Information shown:
★ ★ ★ ★ ★ ★ ★
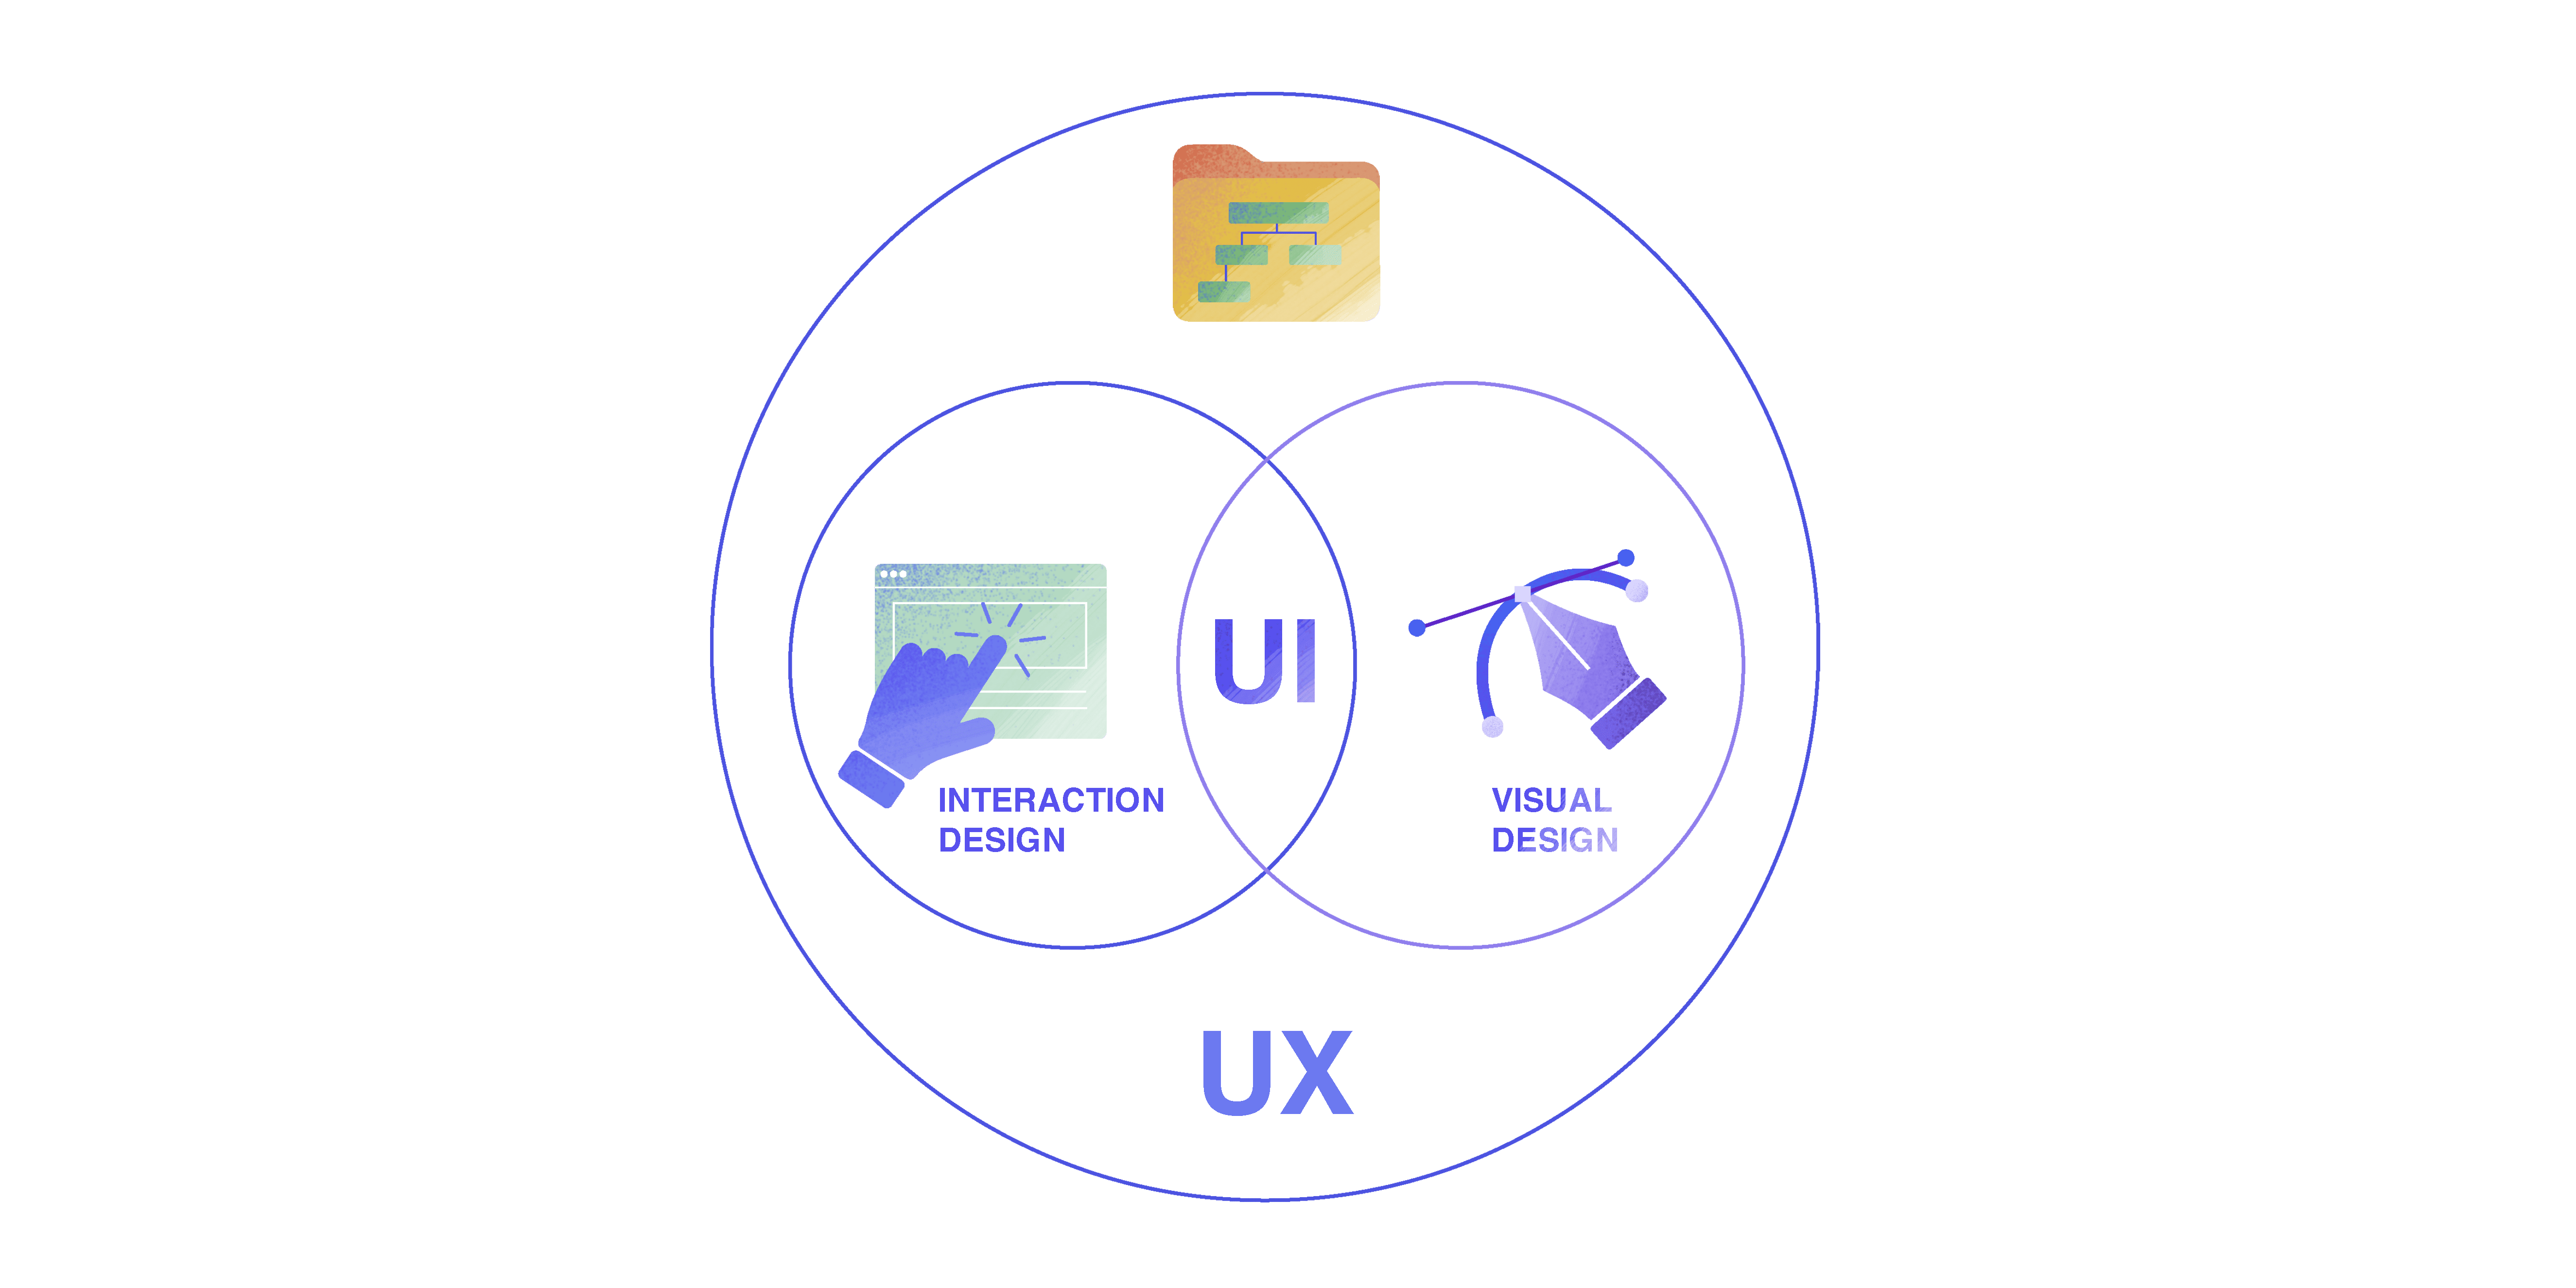 UI is part of UX
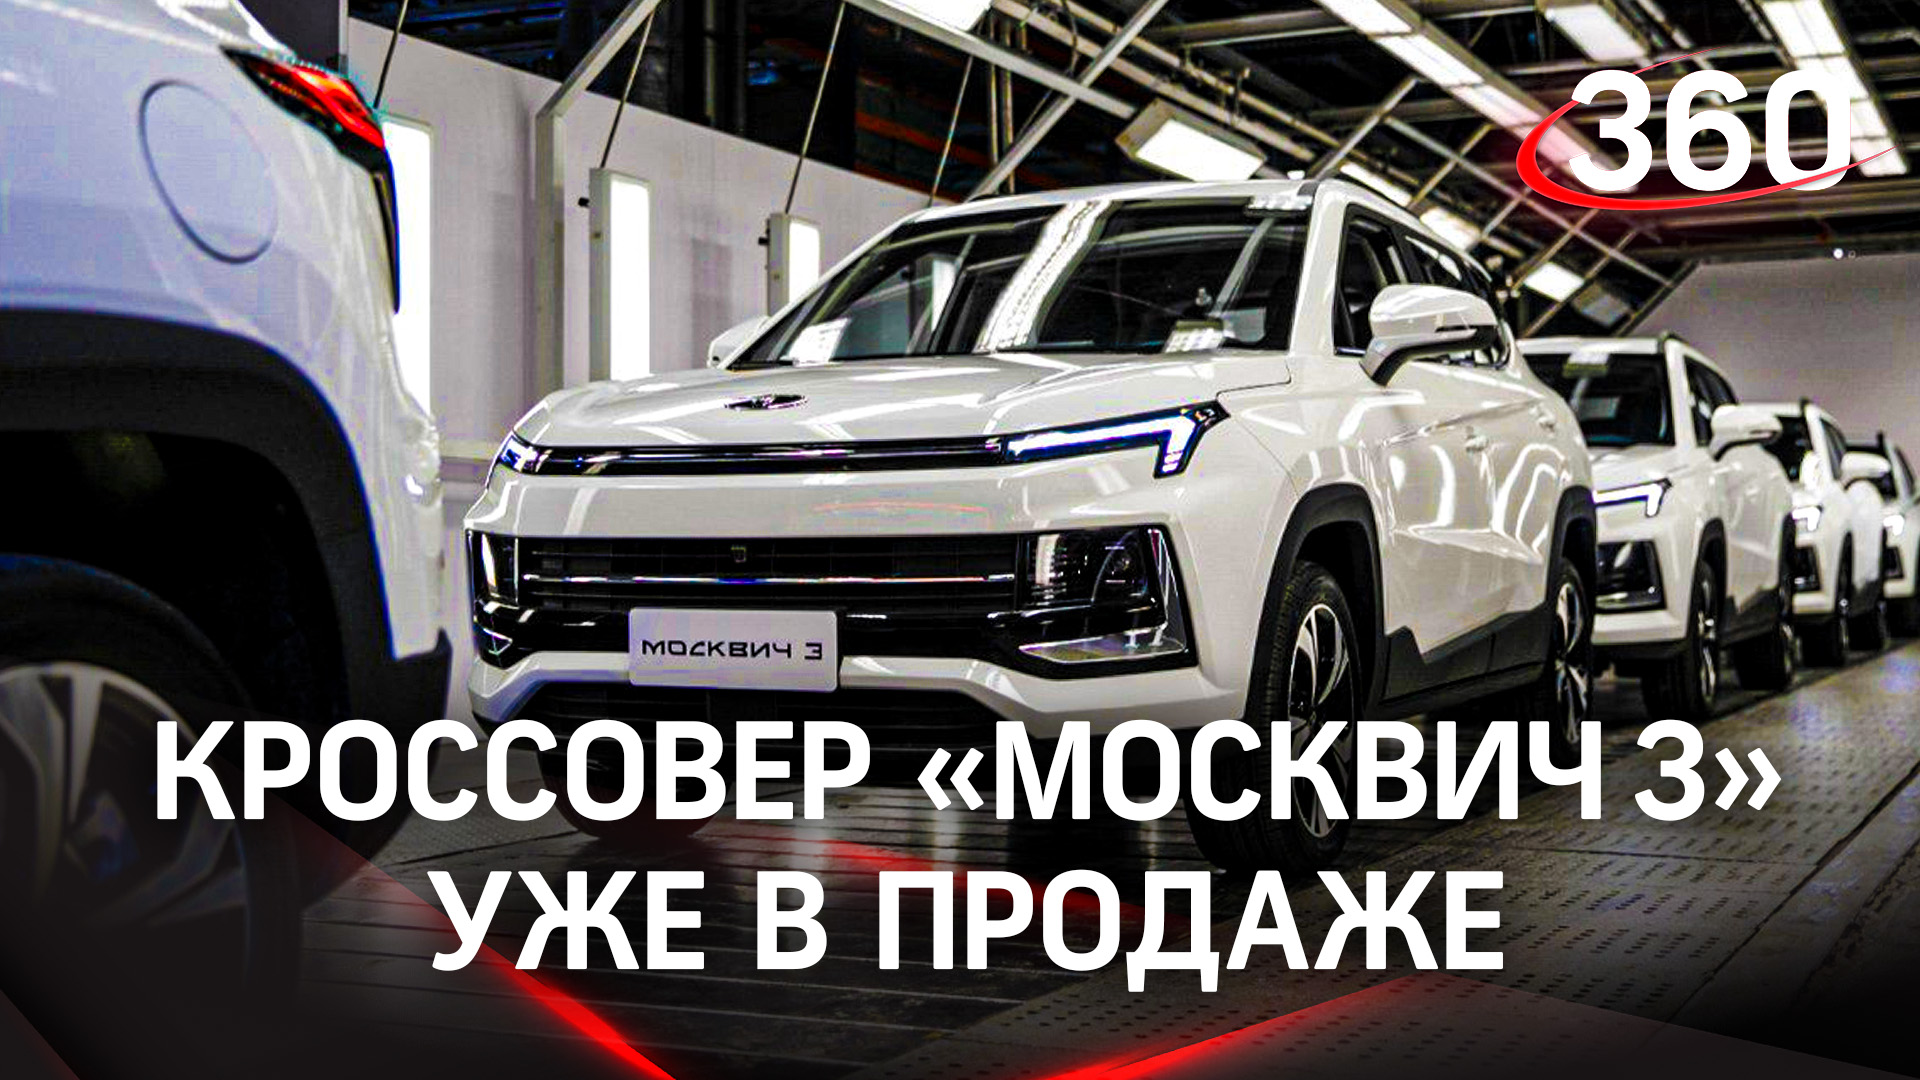 Кроссовер «Москвич 3» появился в продаже
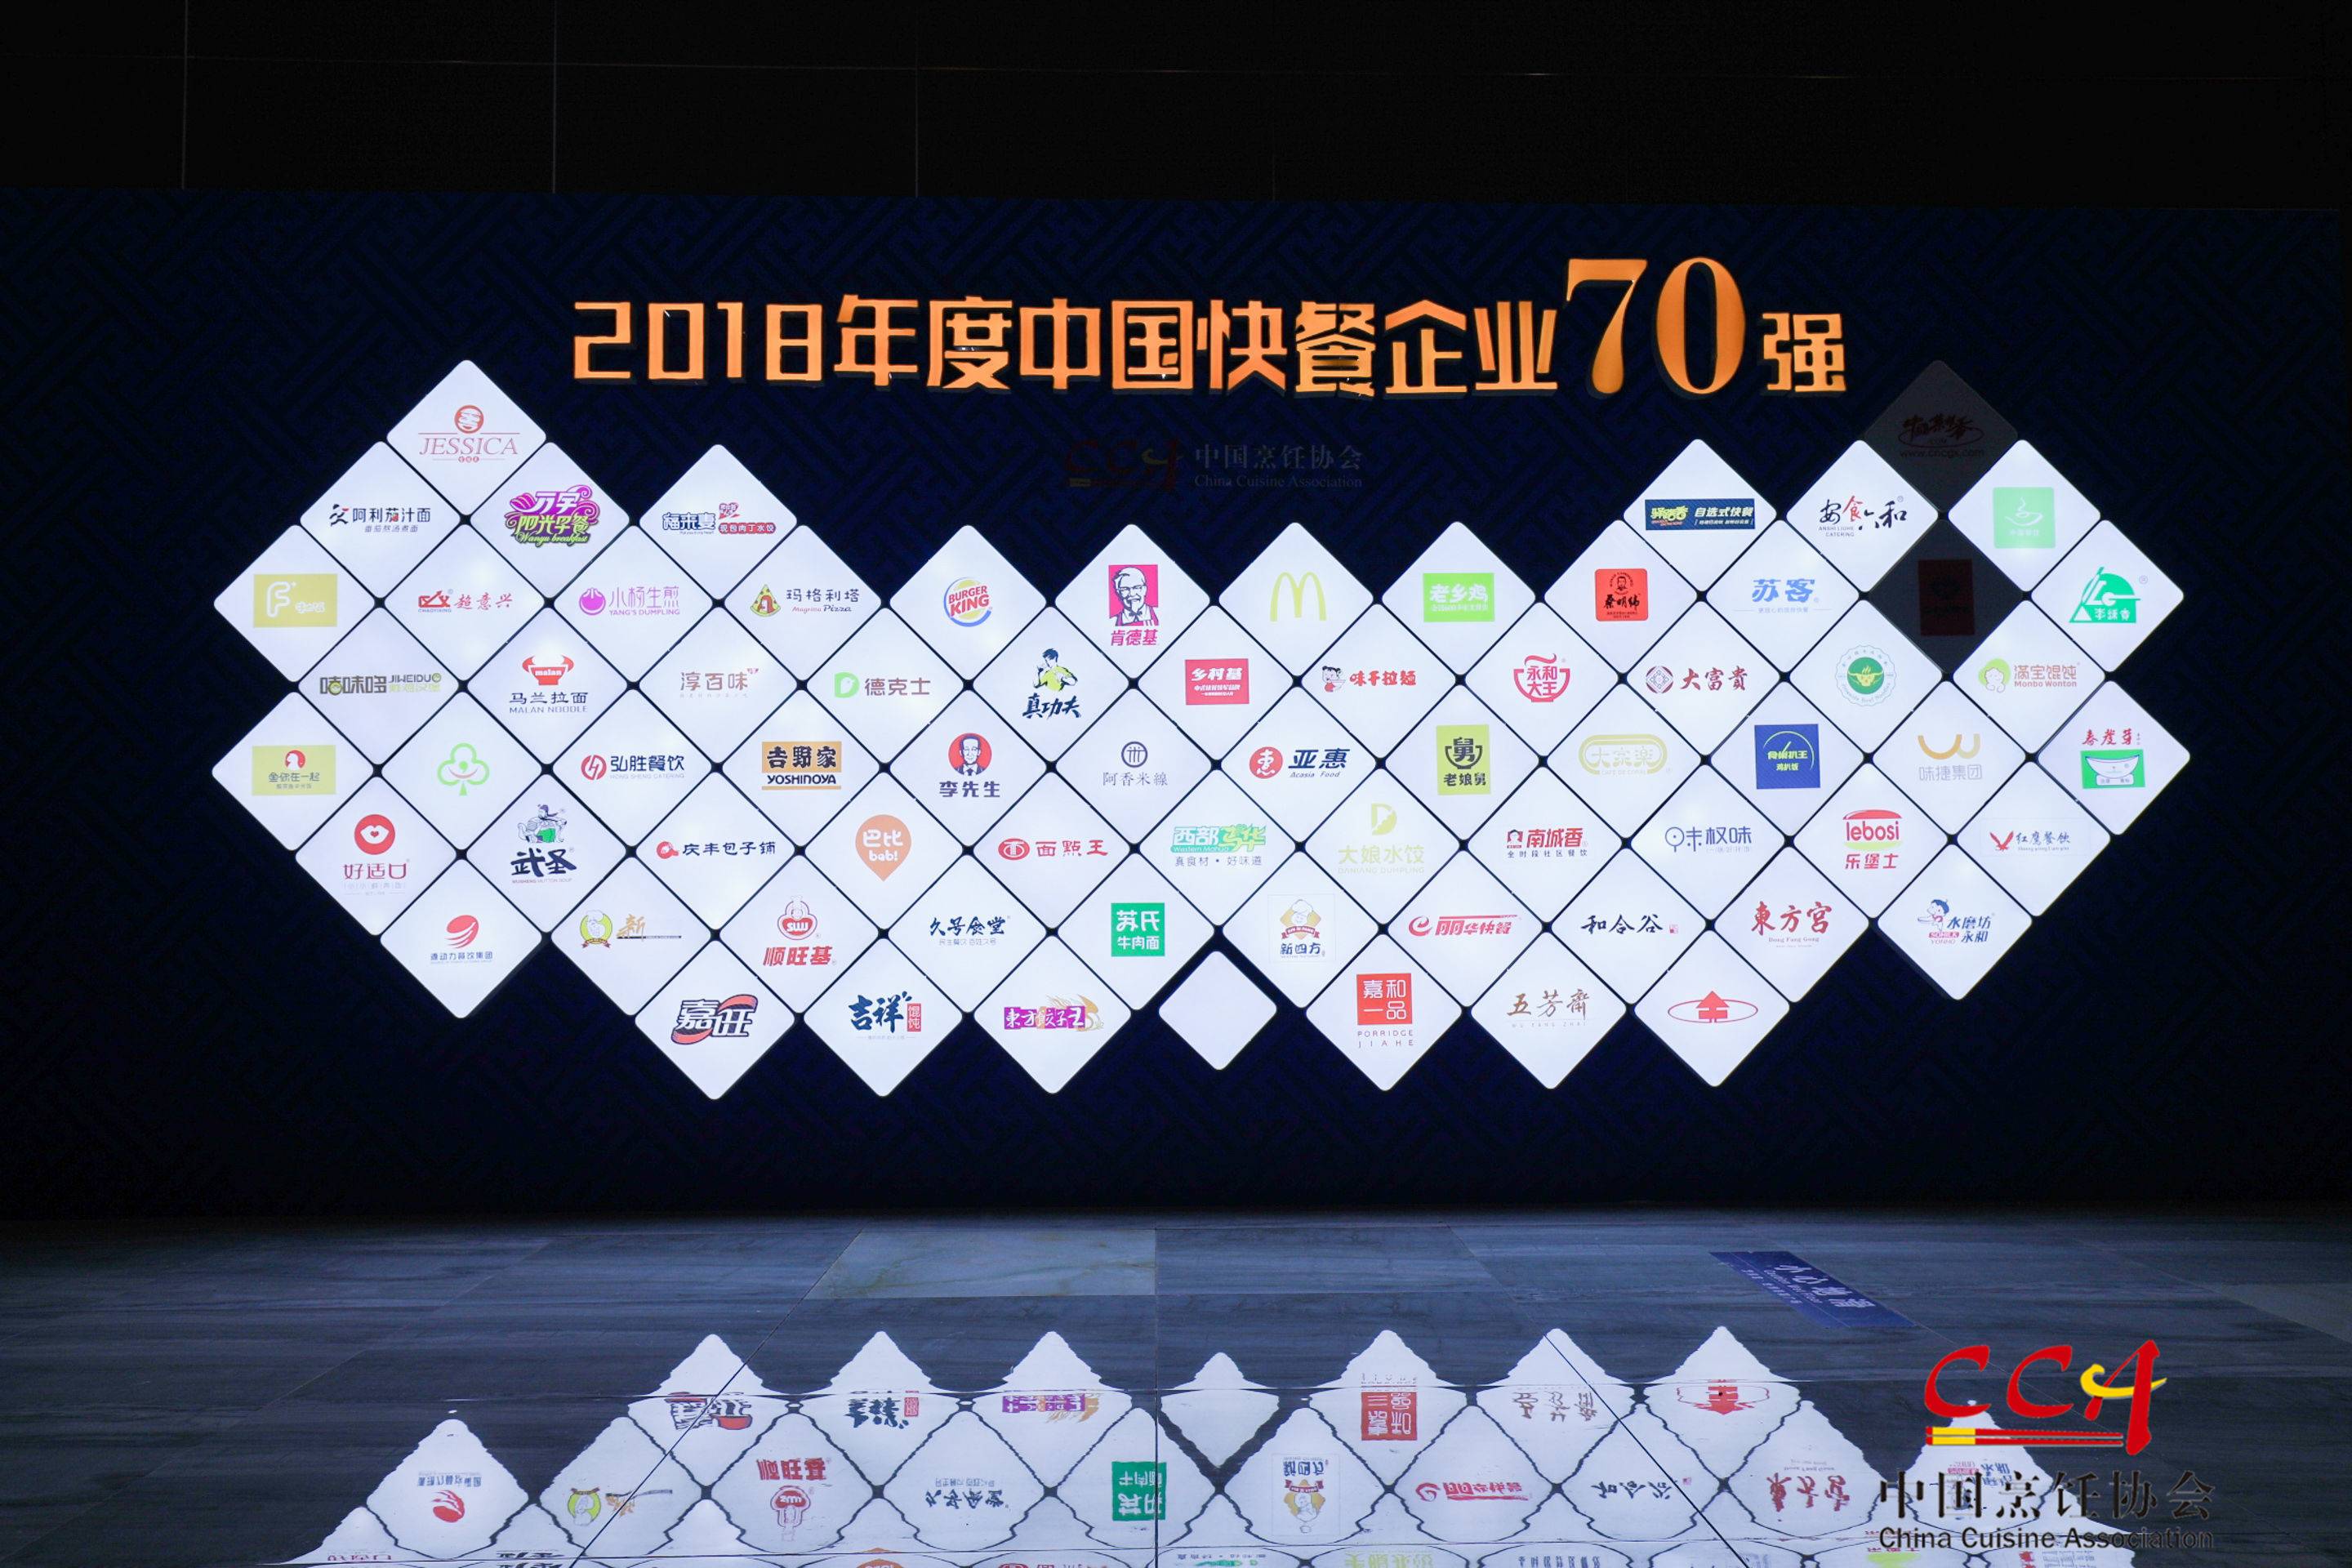 2018年度中國快餐企業70強，魚你在一起連續兩年入圍榜單
★ ★ ★ ★ ★ ★ ★
What this task involves: Only the lines from the one containing "появился в продаже" through the final line of the listing should be reproduced, exactly and with no pictures.

Result below:
 Кроссовер «Москвич 3» появился в продаже
 2018年度中國快餐企業70強，魚你在一起連續兩年入圍榜單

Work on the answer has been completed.